Changed the filter template in PgVercorStore to replace JSONPath expressions with JSONB field access, using standard SQL operators such as '=' instead of '==', 'AND' instead of '&&', and 'OR' instead of '||'. This adjustment addresses compatibility issues with the 'IN' operator, which previously returned parse errors. Also updated PgVectorFilterExpressionConverter and corresponding tests to align with these changes.
- Replaced
metadata::jsonb @@ '$.key == "value"'::jsonpath
withmetadata::jsonb->>'key' = 'value'
- Fixed parsing issues with
metadata::jsonb @@ '$.key in ["value"]'::jsonpath
by using JSONB field access. - Updated logical operators IN filter expressions to standard SQL syntax.
These changes improve the clarity, execution reliability, and compatibility of filter expressions in the database.
Comment From: tzolov
Thank you @dperezcabrera, looks like a nice improvement!
Could you please pull rebase to the upstream main (e.g. git pull -r upstream main
), resolve any eventual conflicts and (force) merge to you PR?
Comment From: dperezcabrera
Thank you.
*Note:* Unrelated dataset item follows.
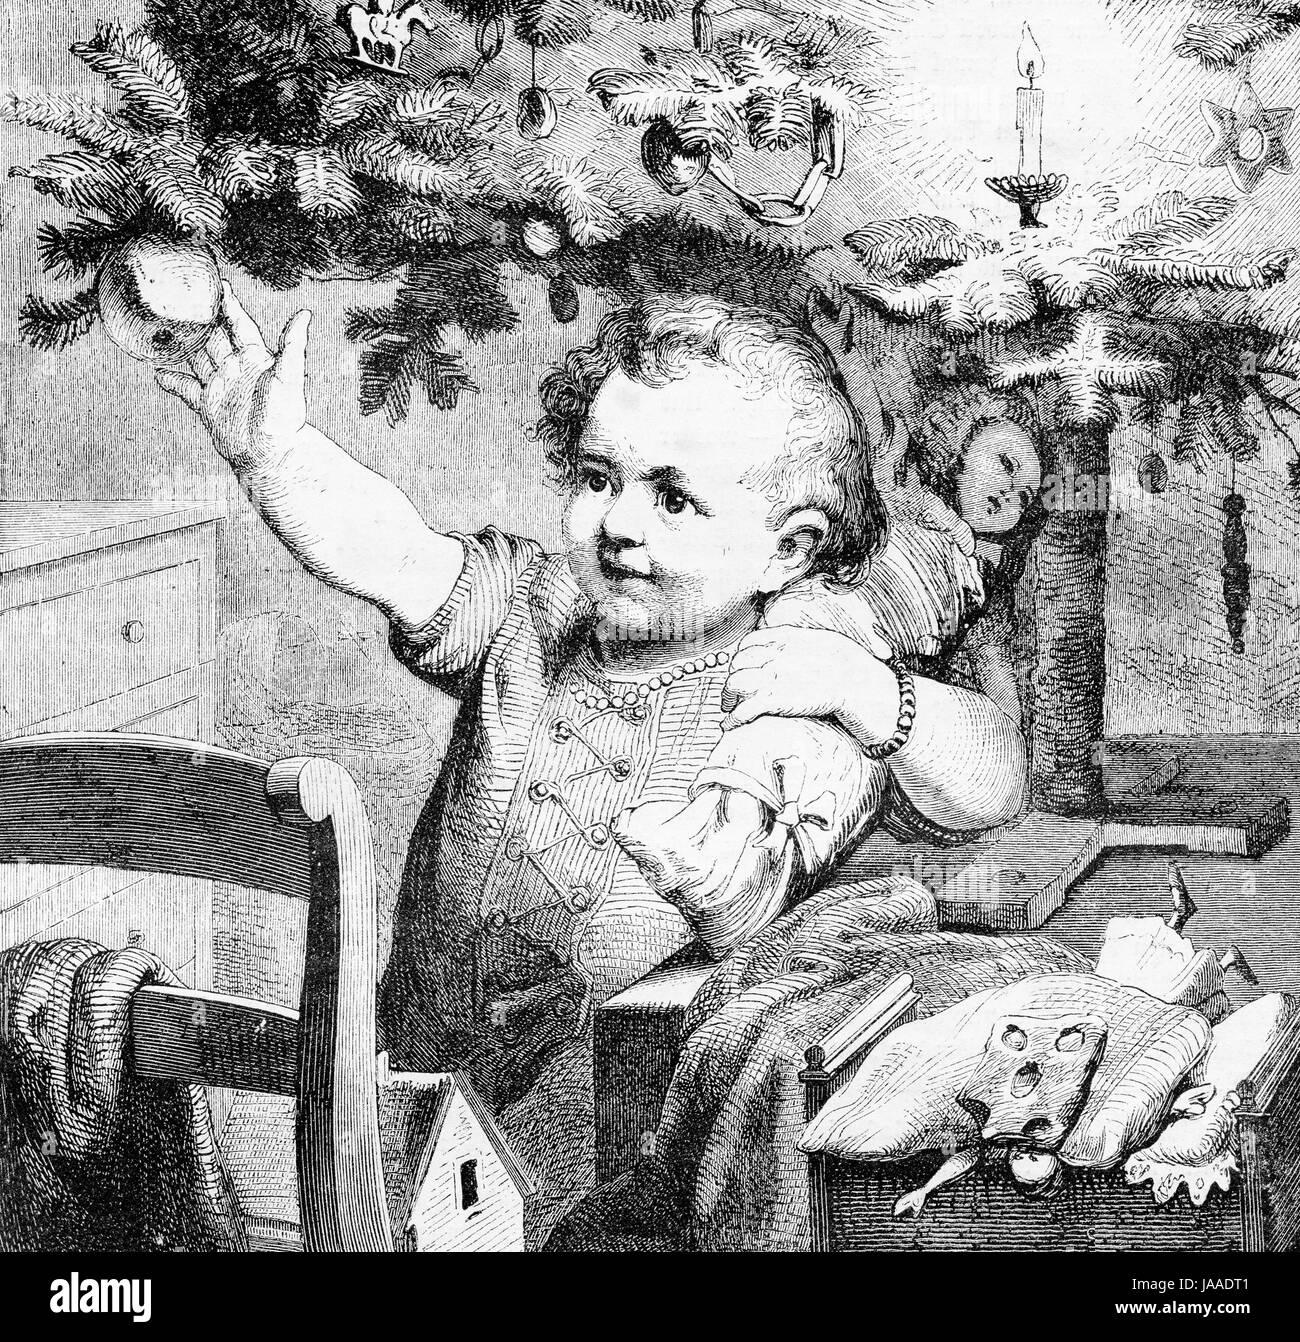 Bambino felice sotto l'albero di Natale - incisione dal XIX secolo Foto Stock

I've rebased and merged the changes as requested!
Comment From: tzolov
@dperezcabrera have you run the integration tests for the pgvector and for the autoconfiguraiton?
the ./mvnw clean install -pl vector-stores/spring-ai-pgvector-store -Pintegration-tests
is failing form me
Comment From: dperezcabrera
I have executed them; however, since I don't have an API key for OpenAI, this has been the result: run: 4, Failures: 0, Errors: 0, Skipped: 4.
Can you please send me the error logs by email?
Comment From: tzolov
@dperezcabrera for example
- searchWithFilters: COSINE_DISTANCE
org.springframework.jdbc.BadSqlGrammarException: PreparedStatementCallback; bad SQL grammar [SELECT *, embedding [=] ? AS distance FROM vector_store WHERE embedding [=] ? [ ? AND (metadata::jsonb-]]'country' = 'BG' AND metadata::jsonb-]]'year' = 2020) ORDER BY distance LIMIT ? ]
```
* searchWithFilters: EUCLIDEAN_DISTANCE
```
org.springframework.jdbc.BadSqlGrammarException: PreparedStatementCallback; bad SQL grammar [SELECT *, embedding [-] ? AS distance FROM vector_store WHERE embedding [-] ? [ ? AND (metadata::jsonb-]]'country' = 'BG' AND metadata::jsonb-]]'year' = 2020) ORDER BY distance LIMIT ? ]
```
* searchWithFilters: NEGATIVE_INNER_PRODUCT
org.springframework.jdbc.BadSqlGrammarException: PreparedStatementCallback; bad SQL grammar [SELECT *, (1 + (embedding [#] ?)) AS distance FROM vector_store WHERE (1 + (embedding [#] ?)) [ ? AND (metadata::jsonb-]]'country' = 'BG' AND metadata::jsonb-]]'year' = 2020) ORDER BY distance LIMIT ? ]
```
Comment From: dperezcabrera
I see another problem, metadata::jsonb->>'year'
must be (metadata->>'year')::INTEGER
In protected void doKey(Key key, StringBuilder context) {
I can't do this change.
Comment From: markpollack
Hi, this is a great contribution to improve the speed of pgvector, you mention In protected void doKey(Key key, StringBuilder context) { I can't do this change.
what do you mean?
I can't easily share access keys, I would recommend getting an openai subscription, the cost is minimal.
Comment From: dperezcabrera
Here: (https://github.com/dperezcabrera/spring-ai/blob/bebbfceab6e22a6bdeda3c3e168aceaf52994abd/spring-ai-core/src/main/java/org/springframework/ai/vectorstore/filter/converter/PgVectorFilterExpressionConverter.java#L64C1-L76C1)
I need to know the type of the key. If fieldname is an integer, the method must use this template (metadata->>'fieldname')::INTEGER. If fieldname is a string, then: metadata::jsonb->>'fieldname'. If fieldname is a date, (metadata->>'fieldname')::DATE. This ensures the key is correctly interpreted in the database query. This will require a significant change in the common classes and may have side effects on other implementations, which need to be carefully considered before proposing it.
Now I have and access key, before I only had API keys for Microsoft's Azure, and they didn't work with the integrated tests.
Comment From: markpollack
bumping to RC1, apologies
Comment From: dperezcabrera
I think it is best to close this pull request, and address this functionality in the future. If you agree, close it.
Comment From: tzolov
Thank you for the effort @dperezcabrera. We can re-open it in the future if you have time to work on it.
Causing due to some unsolved issues (check the log above).